I am enthusiastic about training and introducing students to isotope mass spectrometry and developing projects where isotope tracers may help us resolve fundamental questions in planetary evolution and habitability. Research questions my group is interested in include using isotope measurements to determine the nature and origin of the meteorite building blocks that accreted to form the Earth and other terrestrial planets, and the factors controlling in the redox state of planetary interiors and atmospheres, magma ocean processes on the Earth and other terrestrial planets. We are also keen to understand how the Earth came to become a habitable planet, from accretion, through to core segregation and the formation of its first crust and how these processes have governed the evolving chemistry of our planet over the last ~ 4 billion years and what this could mean for planetary habitability beyond our solar system.

Mark Wyatt
Institute of Astronomy

Research Area

My research is into the planetary systems of nearby stars.

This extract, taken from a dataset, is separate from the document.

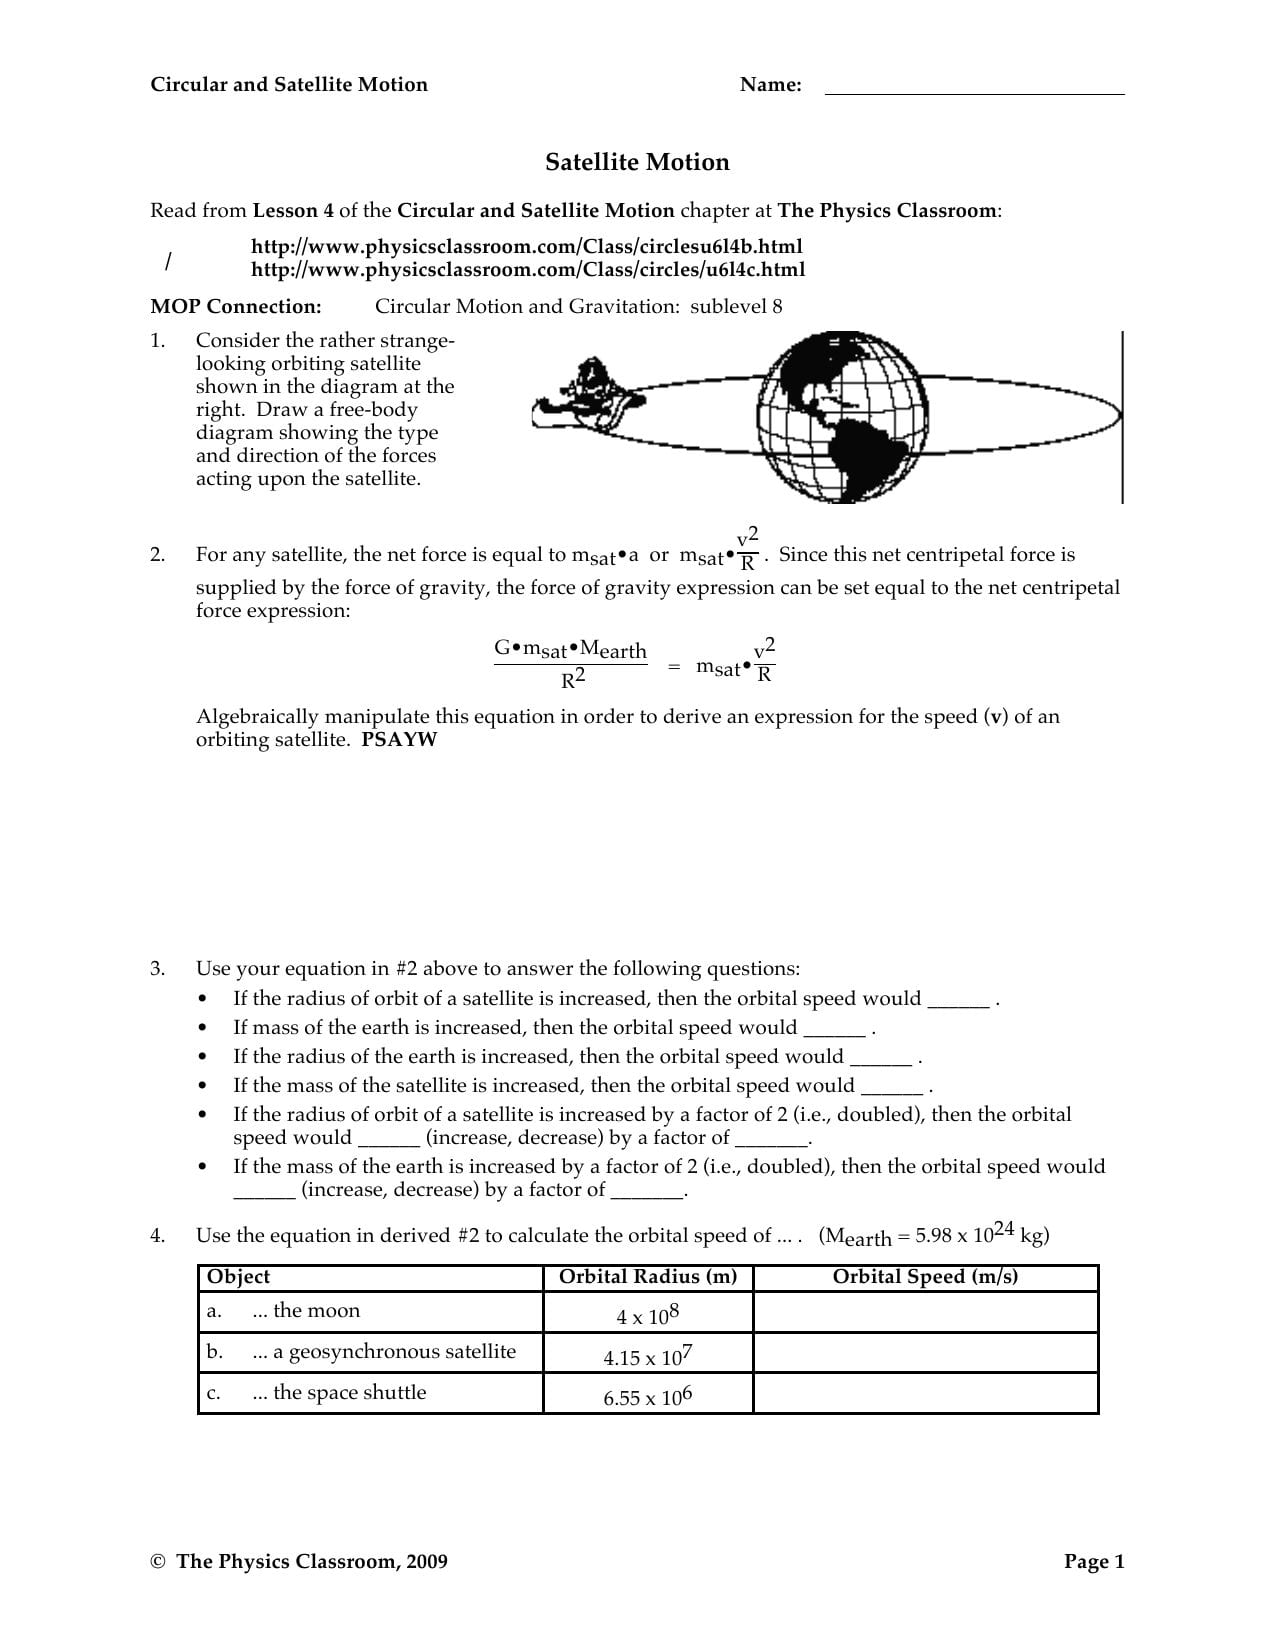 Circular And Satellite Motion Worksheet Answers
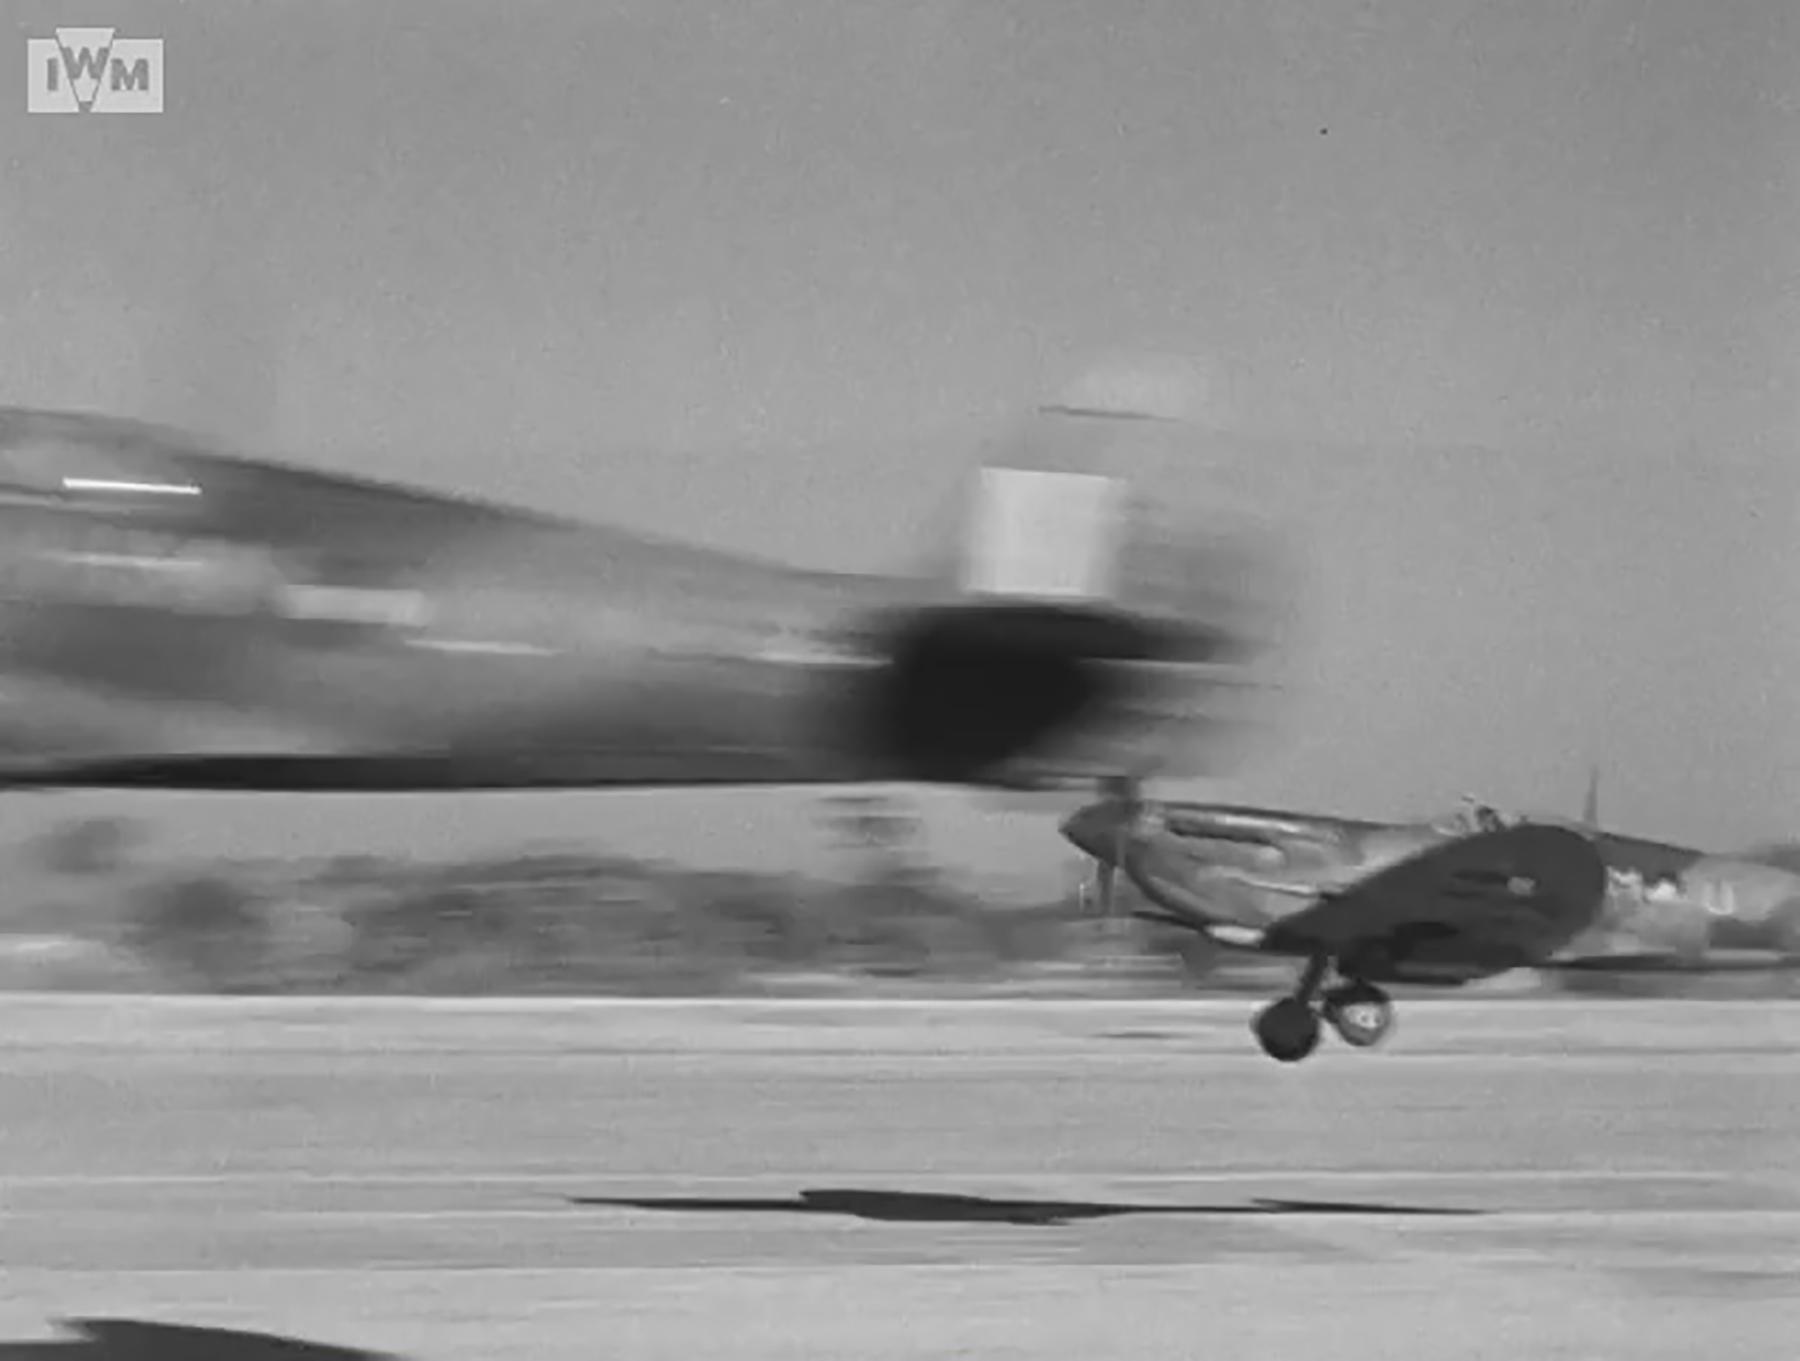 Spitfire VIII RAF 136Sqn HMU taking off from Rumkhapalong operating over Burma CBI 1944 IWM 01

Usually I approach this by studying the non-planet component, termed the star’s debris disk, made up of planetesimals (asteroids and comets) and the dust and gas that comes from them. This component is often readily detectable and provides a unique perspective on the architecture and evolution of the planetary system, for example providing the best information on planets beyond ~5au in many systems, as well as being a signature of recent giant impacts in others. This debris may also play a significant role in the origin of life, not least through its interaction with planets – in fact in the early phases these interactions are the mechanism by which planets grow, while in later phases this bombardment can alter the planet’s atmosphere and surface properties, also delivering ingredients and energy that may be key to life’s origins. Thus my research aims to understand this debris component and its evolution, as well as its diversity in the population of nearby planetary systems. It does so through observations of nearby stars, and their interpretation using models rooted in planetary system dynamics. In the LCLU context my aim is also to make connections to other areas, like planetary sciences, geophysical and atmospheric modelling, so that the consequences for life’s origins can be considered, and any predictions tested using a wider set of observations, such as of Solar system bodies.

Project Interests

I would be keen to supervise projects that fall within the remit of any of the areas outlined above. Some examples of areas to consider developing projects in include: modelling the delivery of cometary material to the Earth and its effect on conditions on the planet surface, demographics of the planetary systems of nearby stars and implications for exo-Earth characterisation, exchange of debris between planets and between planetary systems.